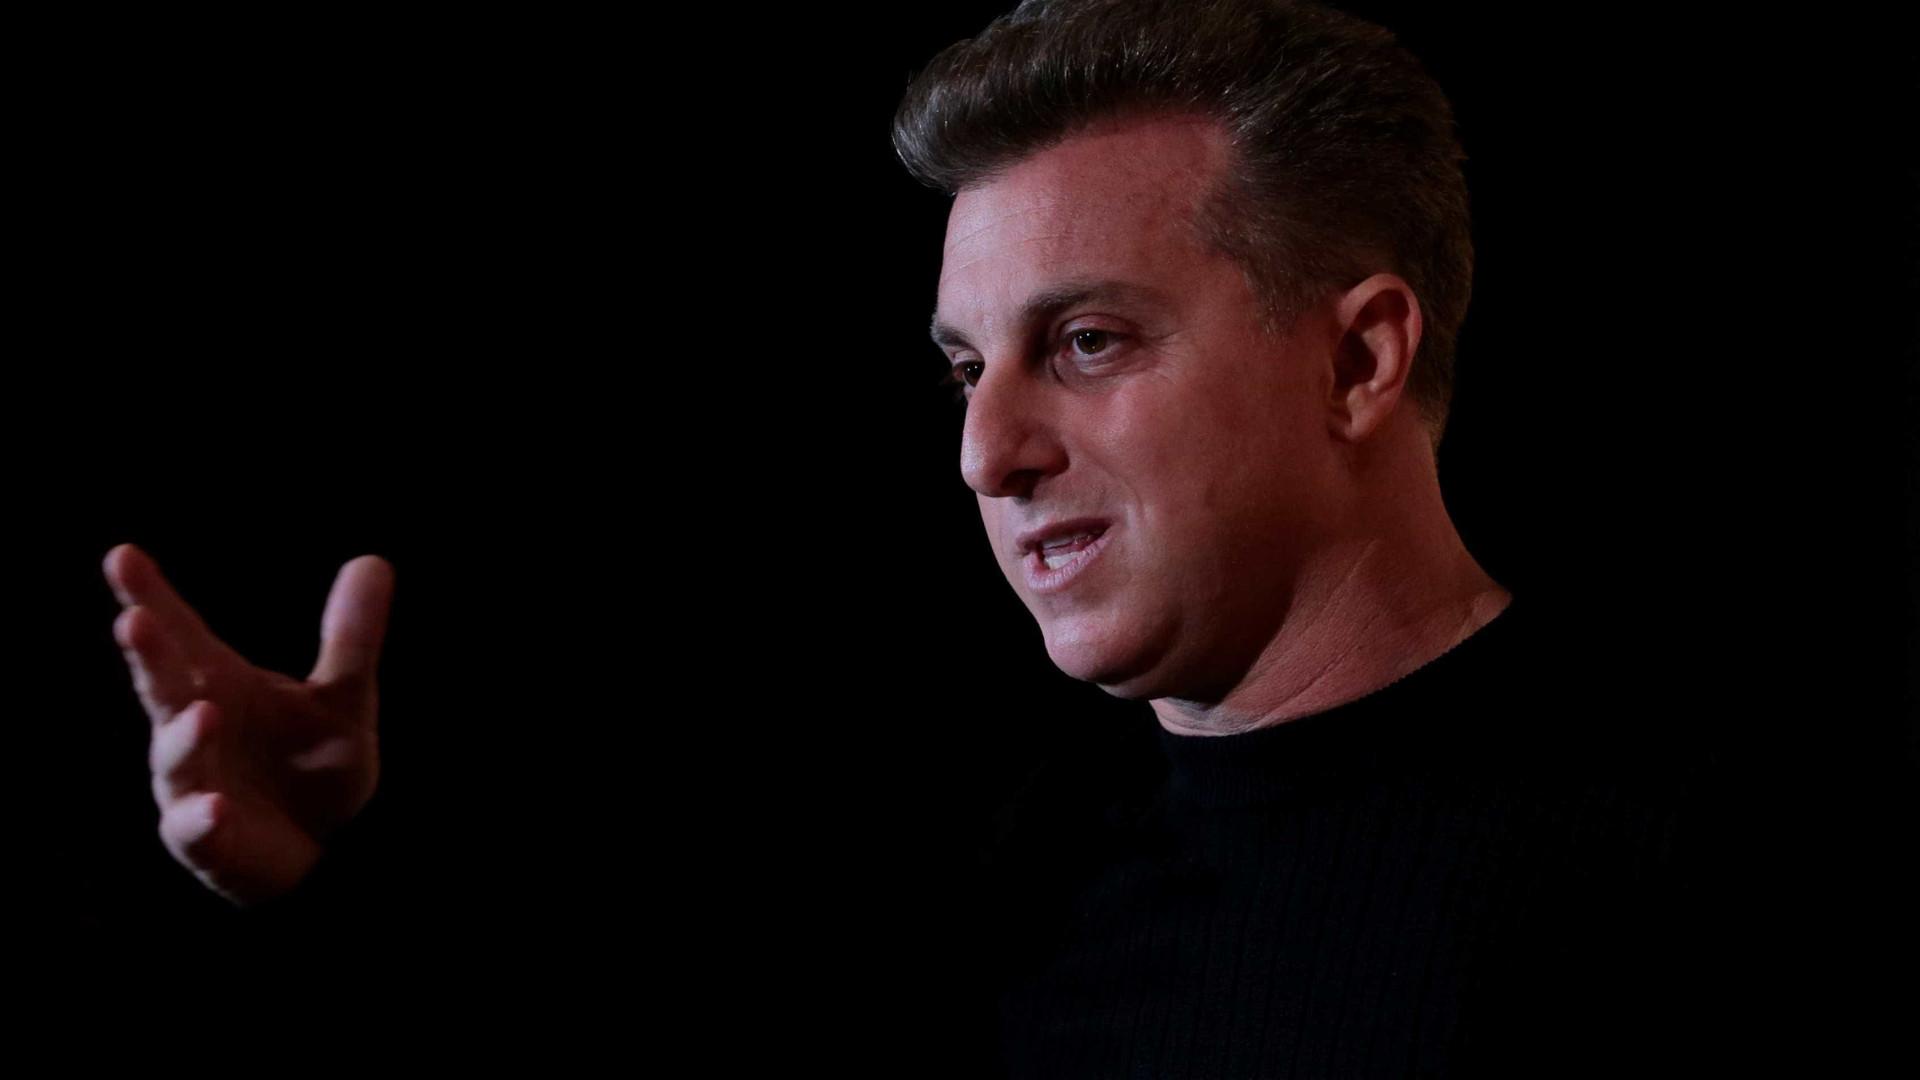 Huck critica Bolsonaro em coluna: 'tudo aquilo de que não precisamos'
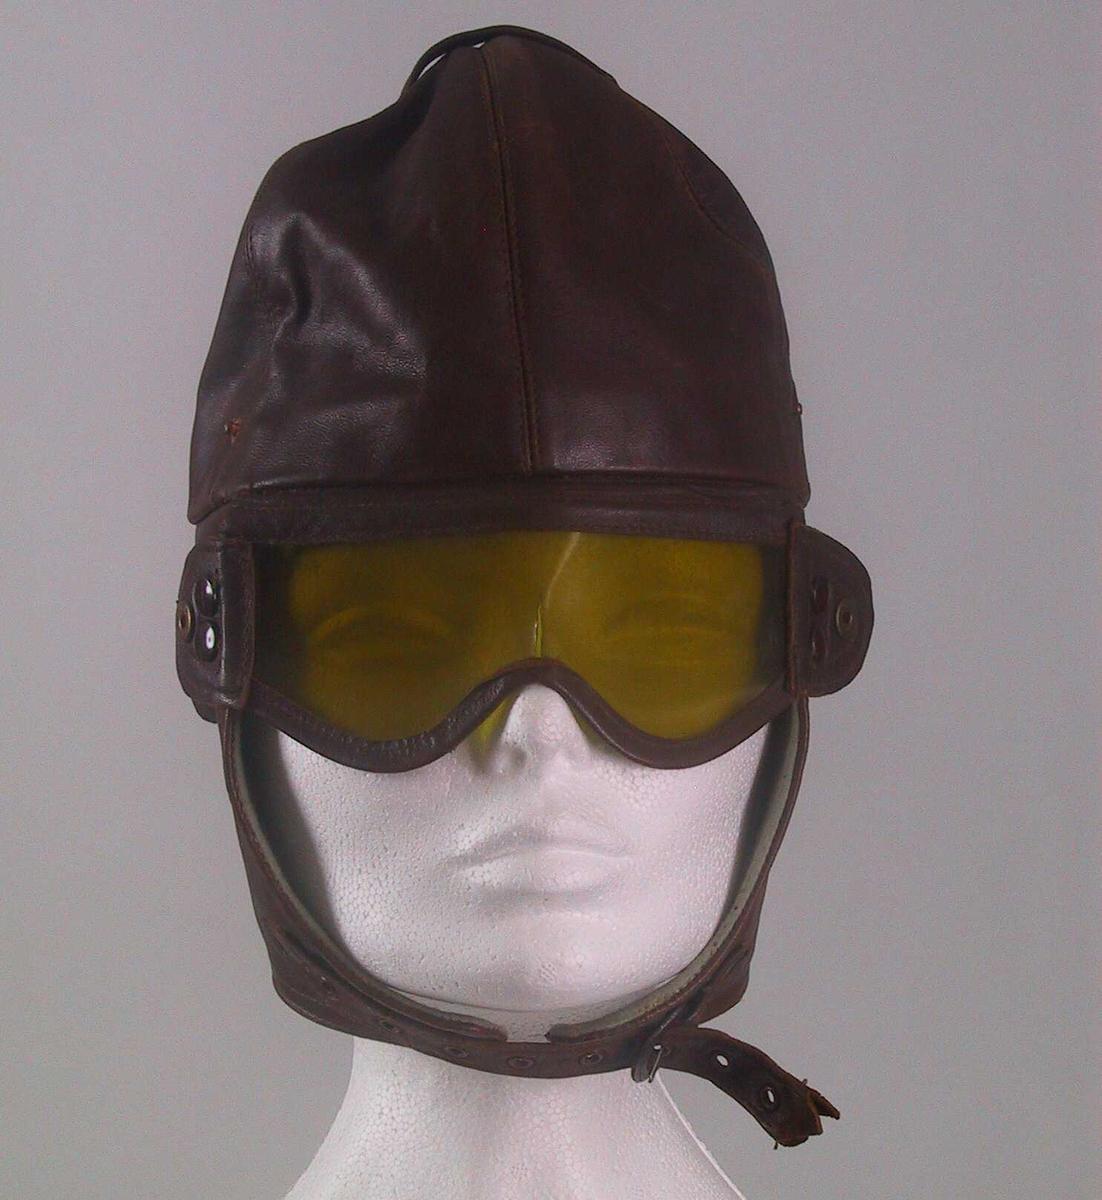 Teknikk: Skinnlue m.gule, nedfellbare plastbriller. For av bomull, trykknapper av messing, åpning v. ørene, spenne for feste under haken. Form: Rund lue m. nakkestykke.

--

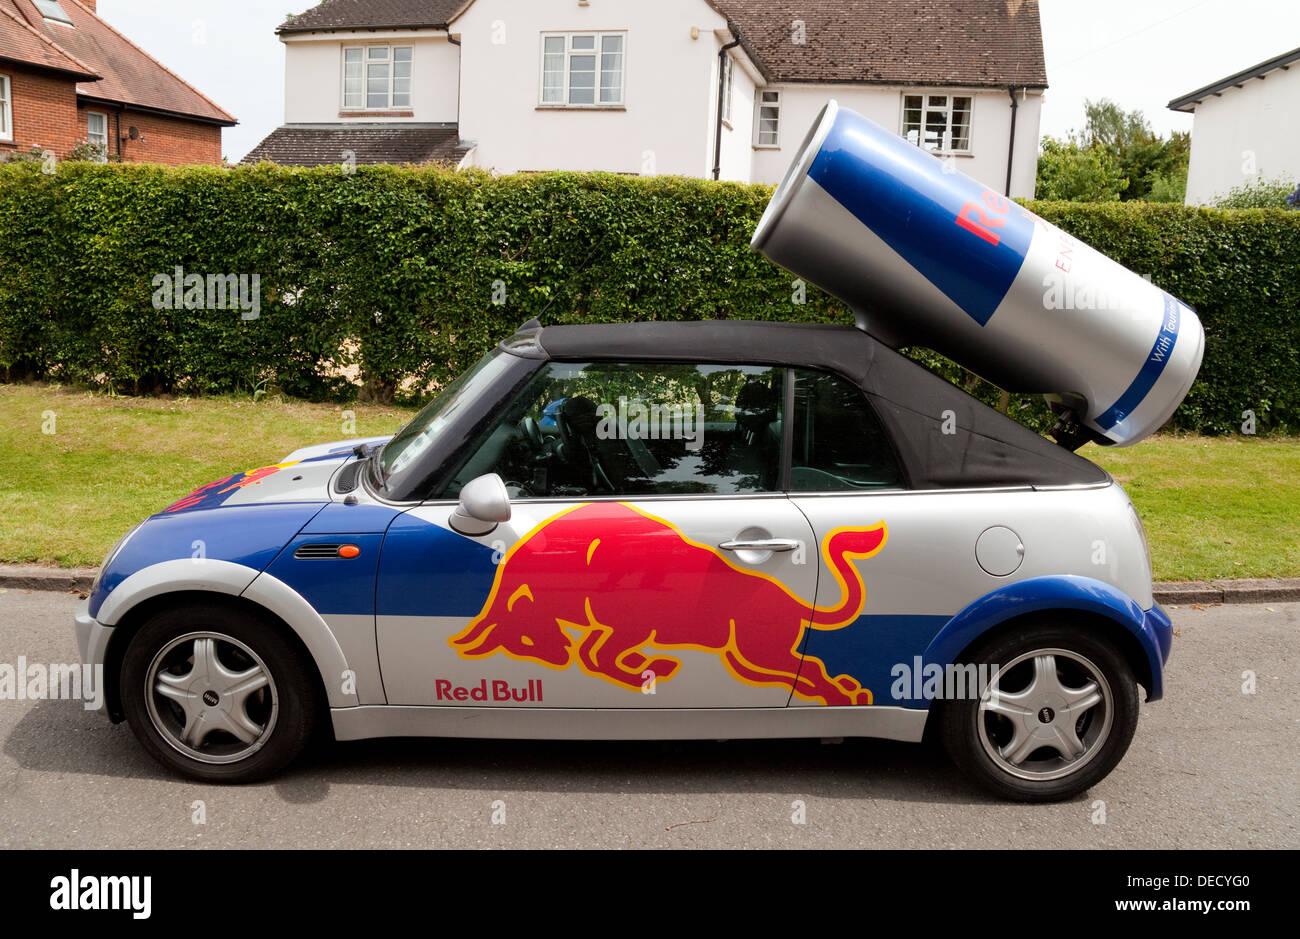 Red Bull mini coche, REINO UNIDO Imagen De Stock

### Activity
Given the records above, return the lines starting at the one that holds "Huck critica Bolsonaro" and ending at the one that holds "Teknikk: Skinnlue m.gule, nedfellbare", exactly, and nothing besides; leave every picture out.

### Answer space
 Huck critica Bolsonaro em coluna: 'tudo aquilo de que não precisamos'
 Teknikk: Skinnlue m.gule, nedfellbare plastbriller. For av bomull, trykknapper av messing, åpning v. ørene, spenne for feste under haken. Form: Rund lue m. nakkestykke.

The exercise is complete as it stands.